- TASK REQUIREMENTS -
Keep every word of the listing and reproduce it exactly, but set aside any image found there.

- COLLECTED MATERIAL -
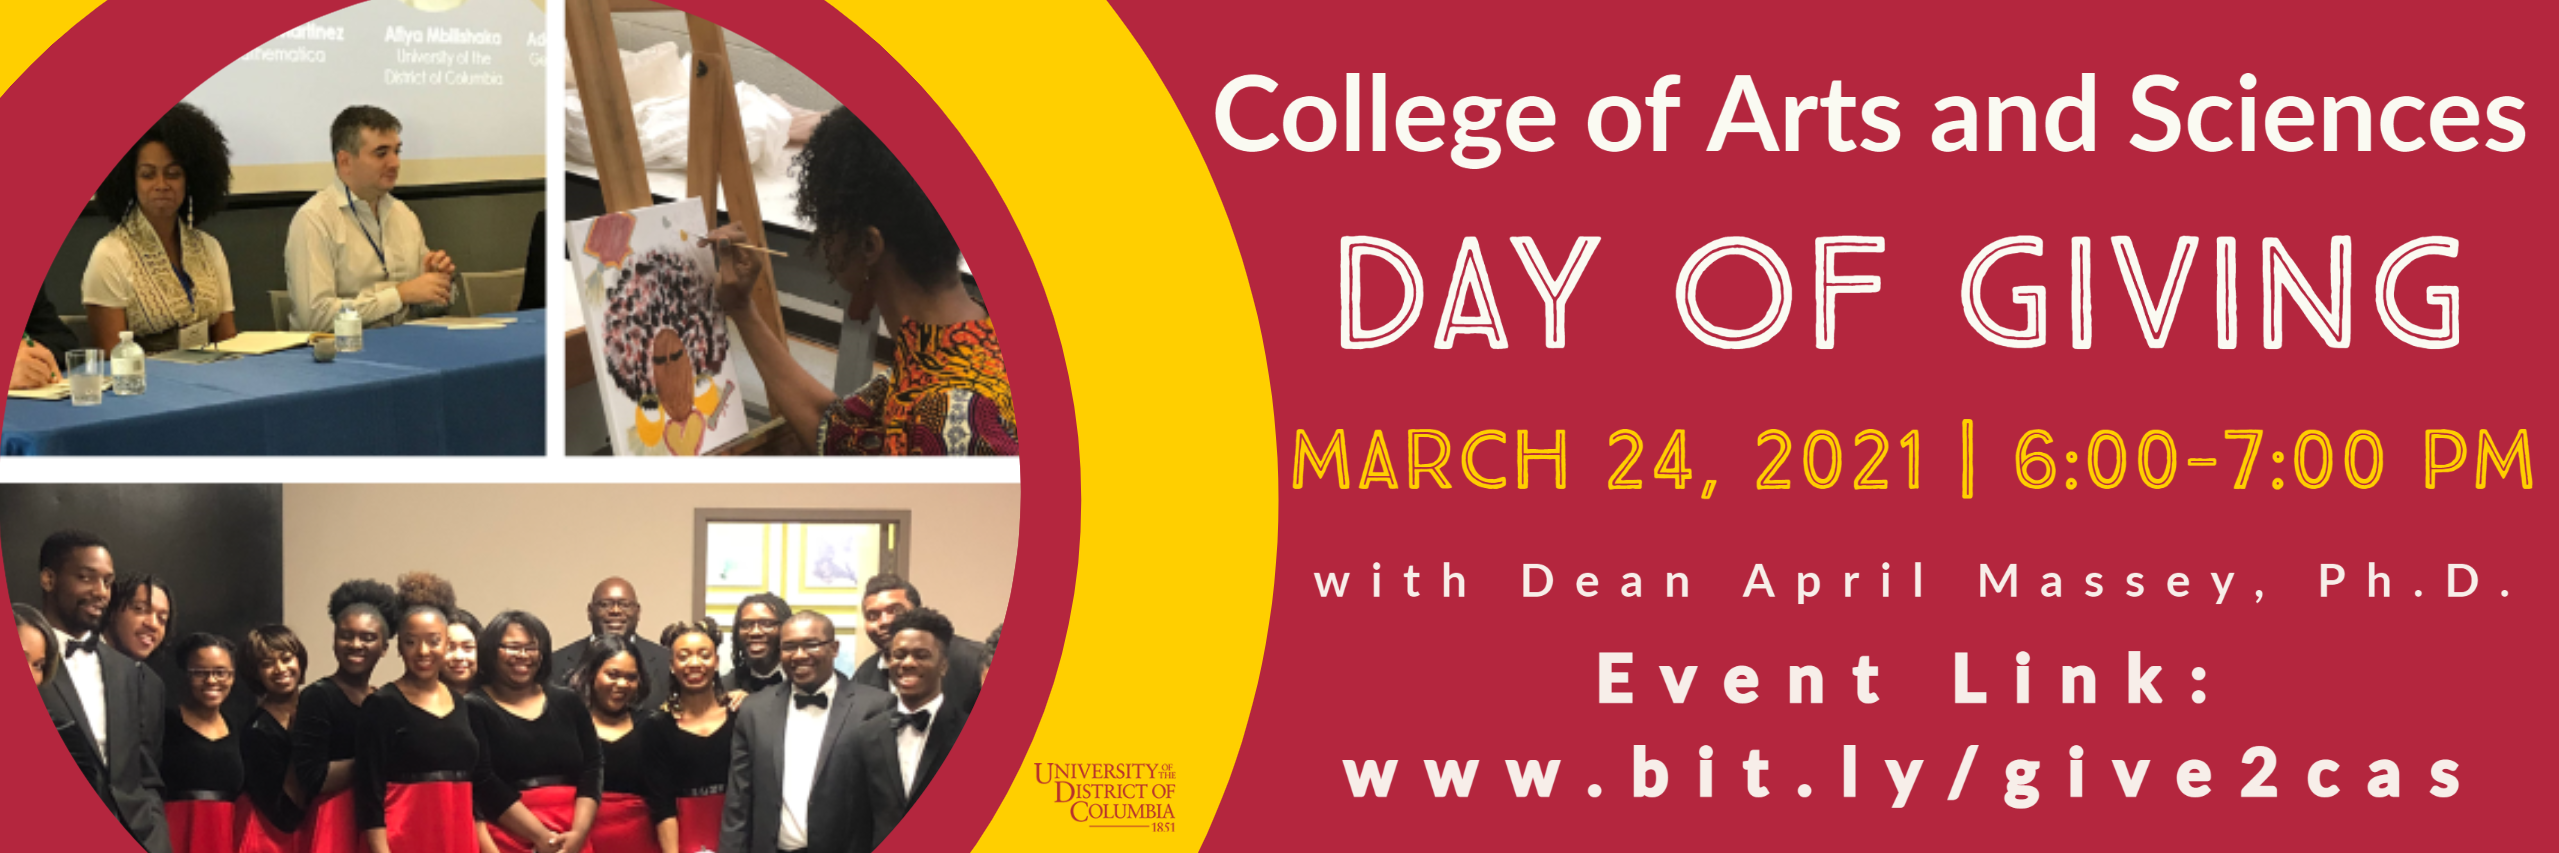 CAS DAY OF GIVING – College of Arts & Sciences – March 24, 2021
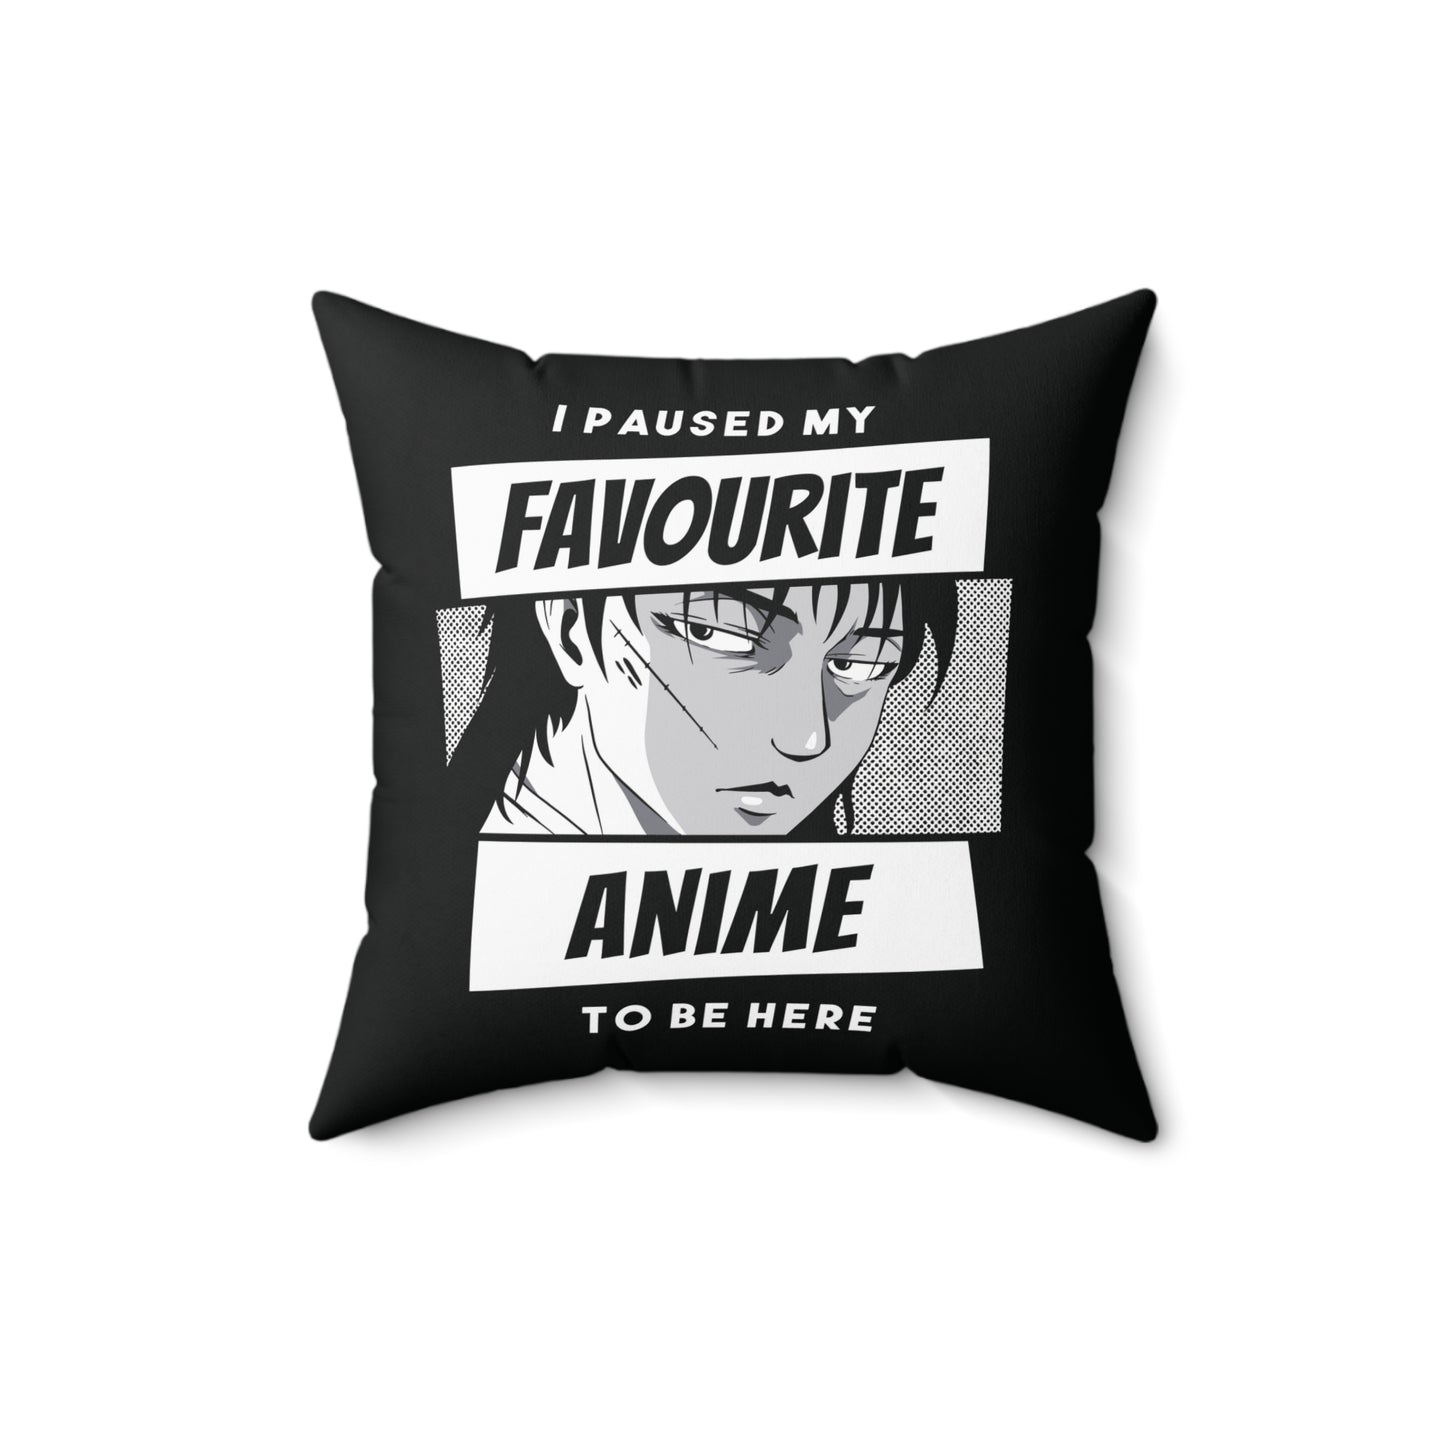 I Paused my favourite Anime to be here Square Pillow
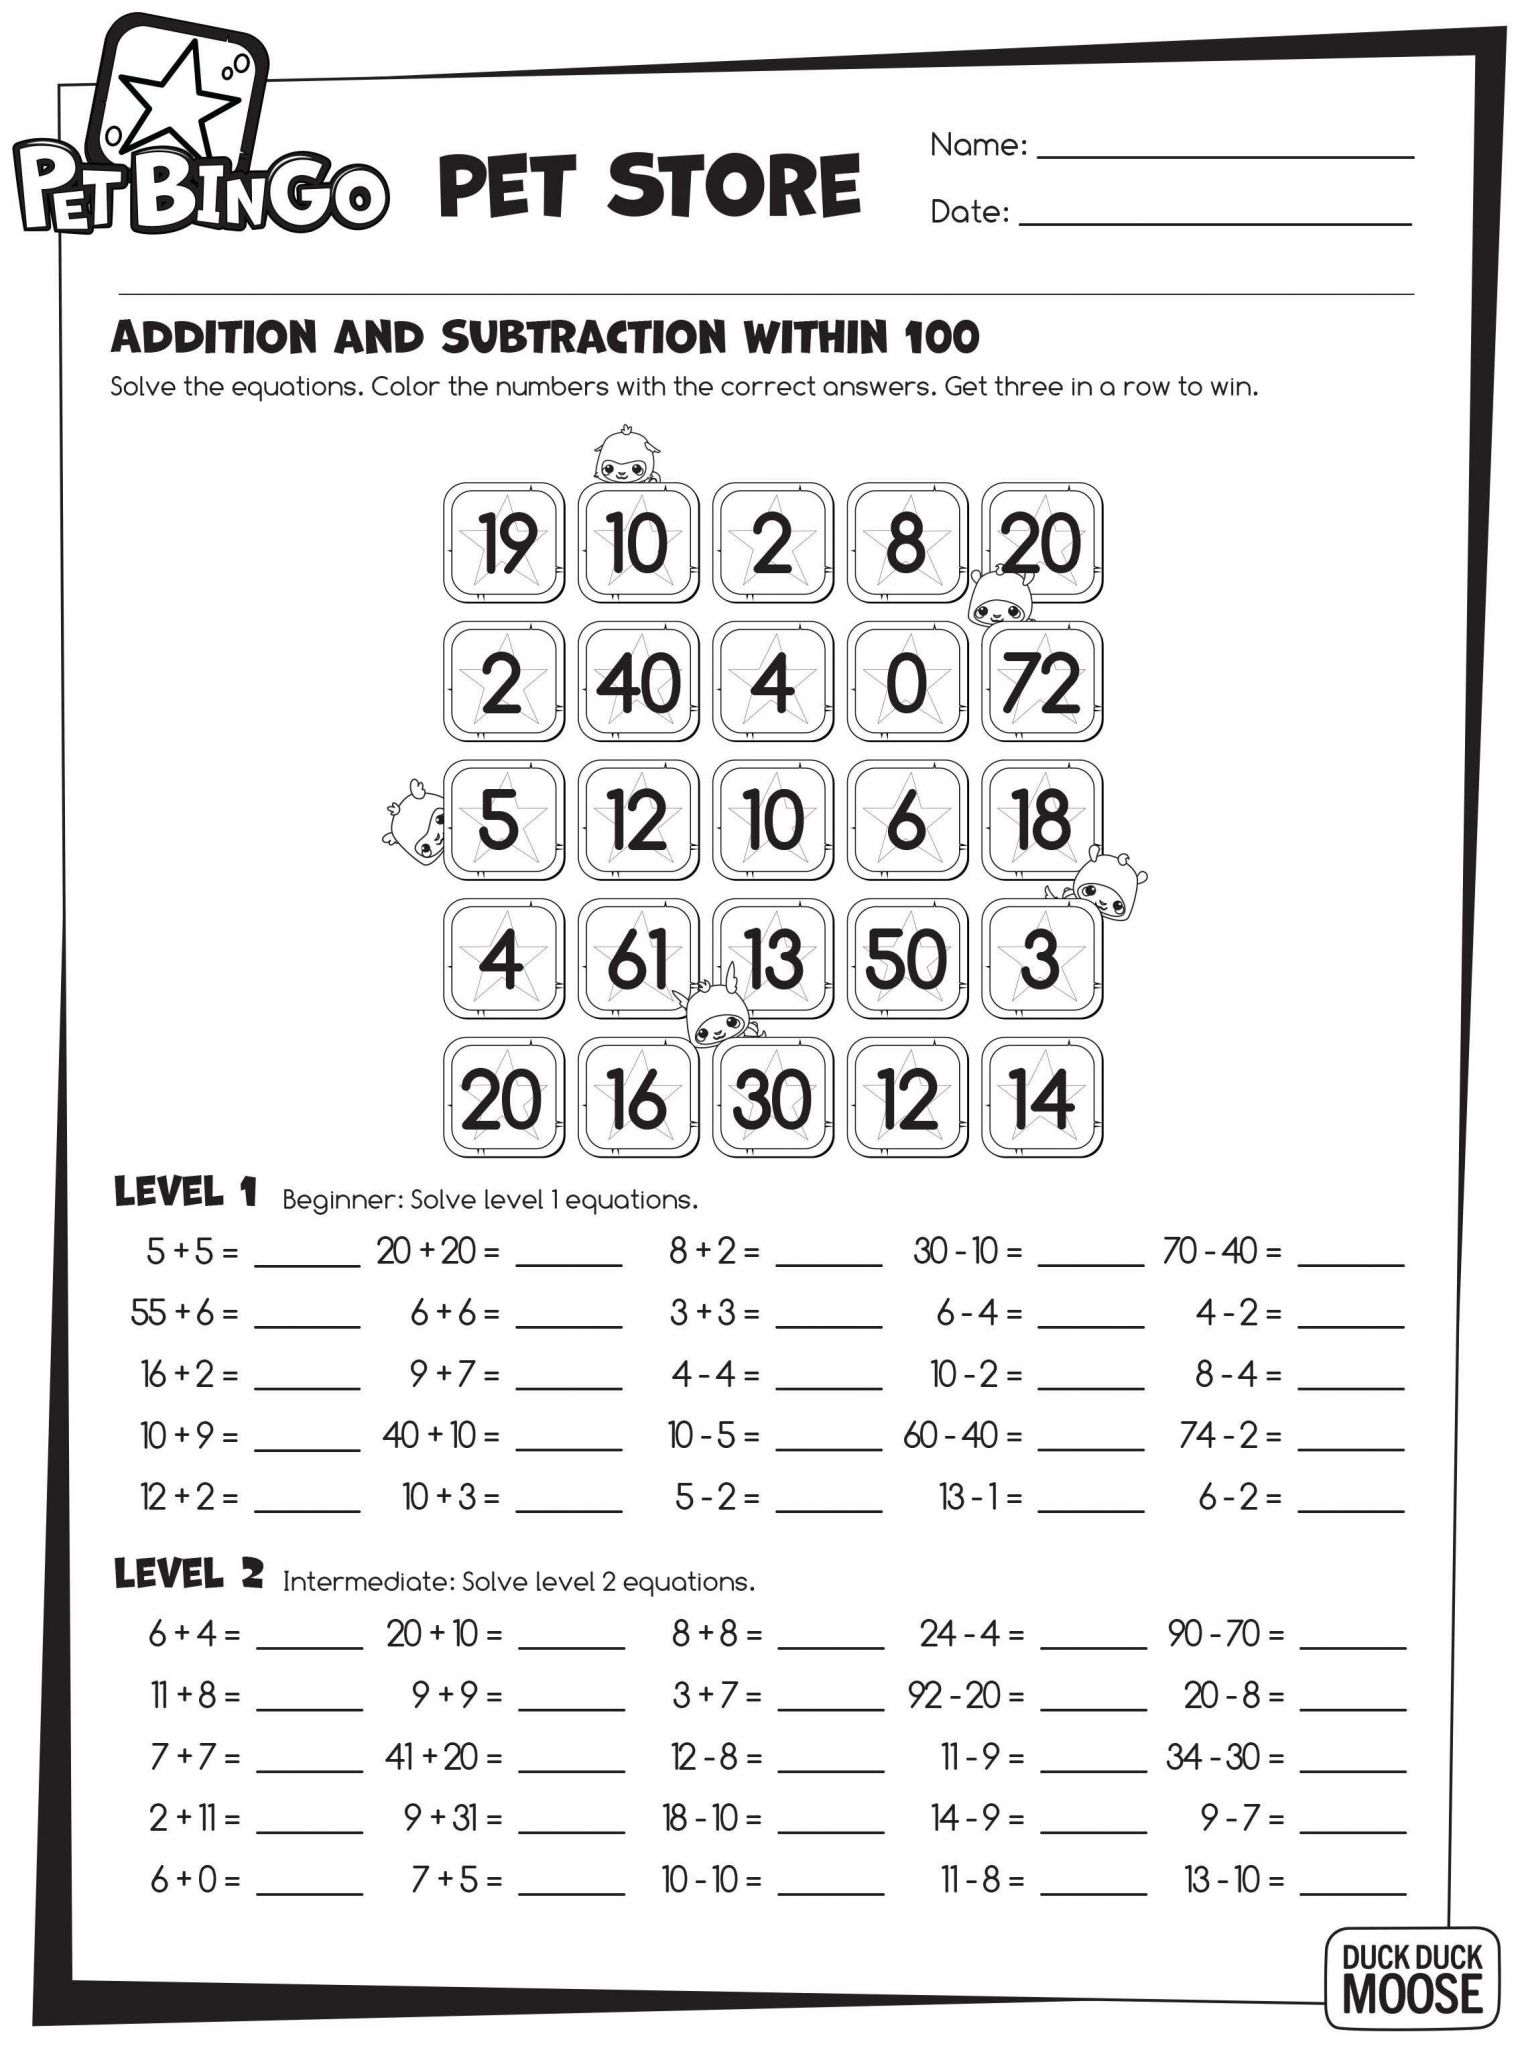 Factoring Distributive Property Worksheet Answers Along with Multiplication Worksheet Games for 3rd Grade Refrence Additions
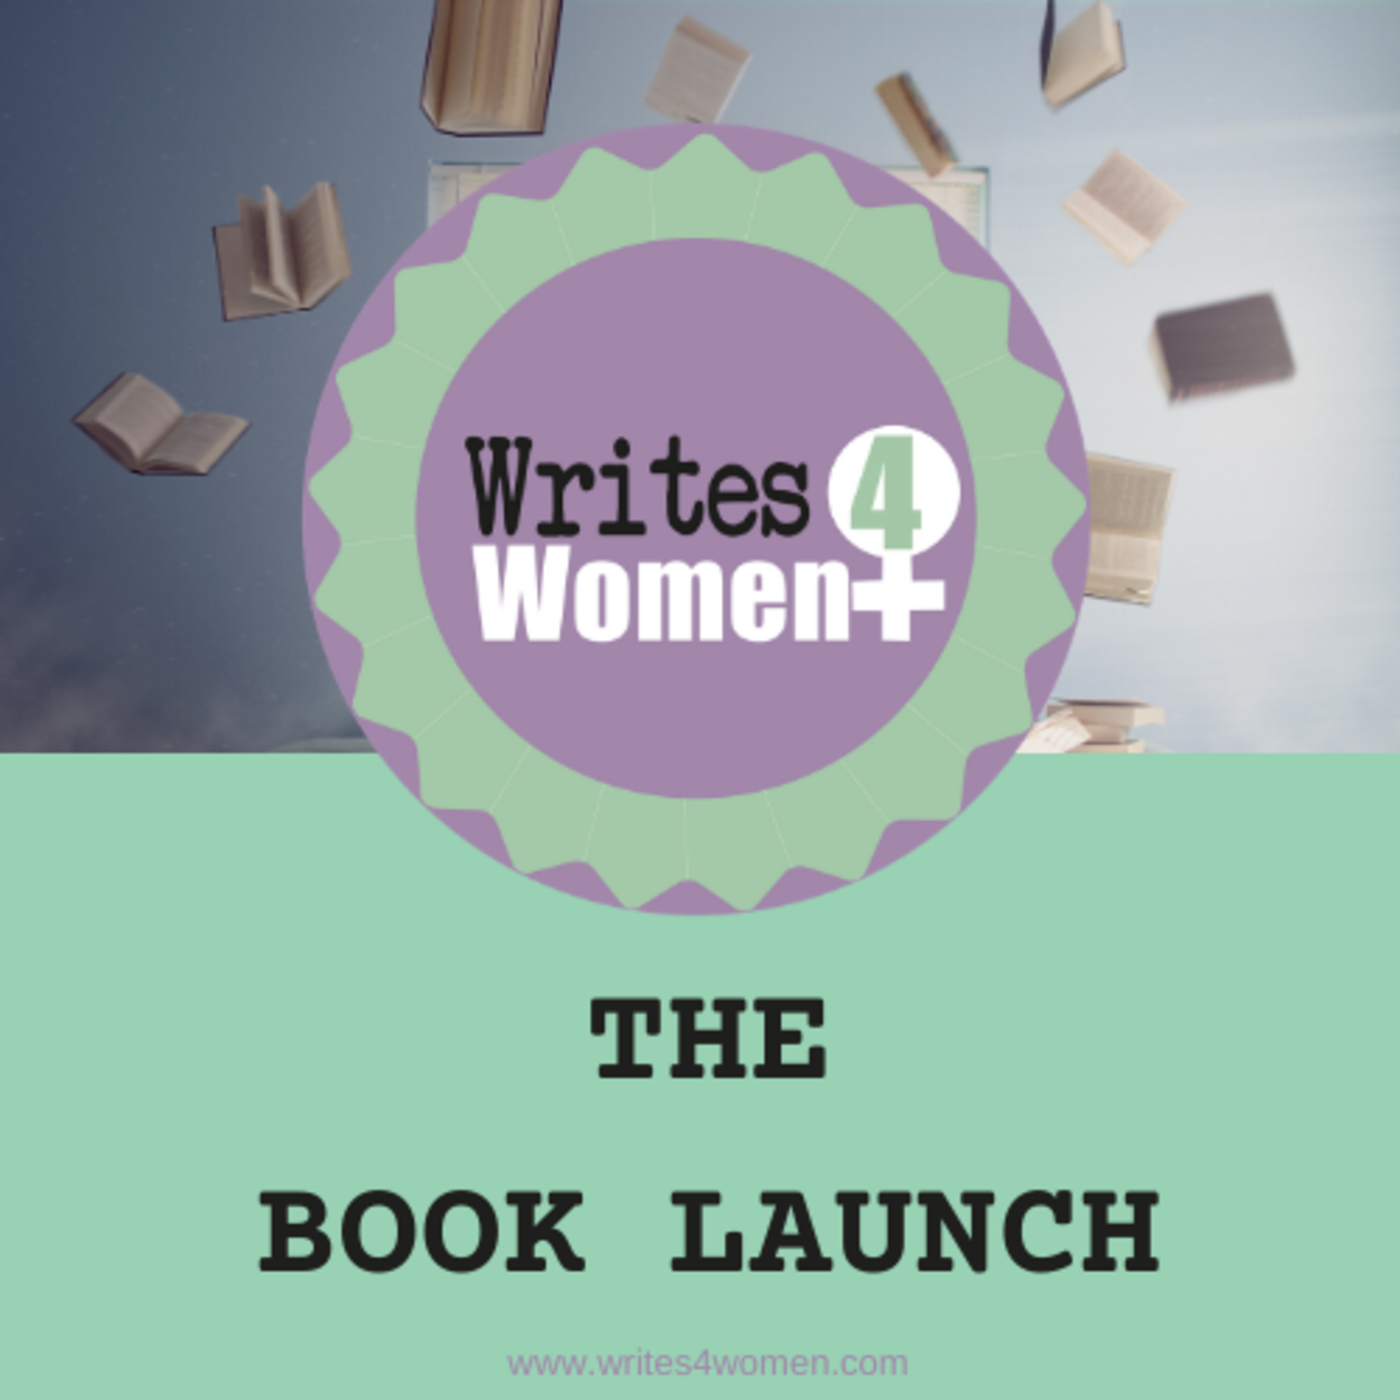 W4W BOOK LAUNCH - Louise Merrington "The Light at the Edge of the World and Other Stories"

- SOLVED PROBLEM -
 CAS DAY OF GIVING – College of Arts & Sciences – March 24, 2021
 I Paused my favourite Anime to be here Square Pillow
 Factoring Distributive Property Worksheet Answers Along with Multiplication Worksheet Games for 3rd Grade Refrence Additions
 W4W BOOK LAUNCH - Louise Merrington "The Light at the Edge of the World and Other Stories"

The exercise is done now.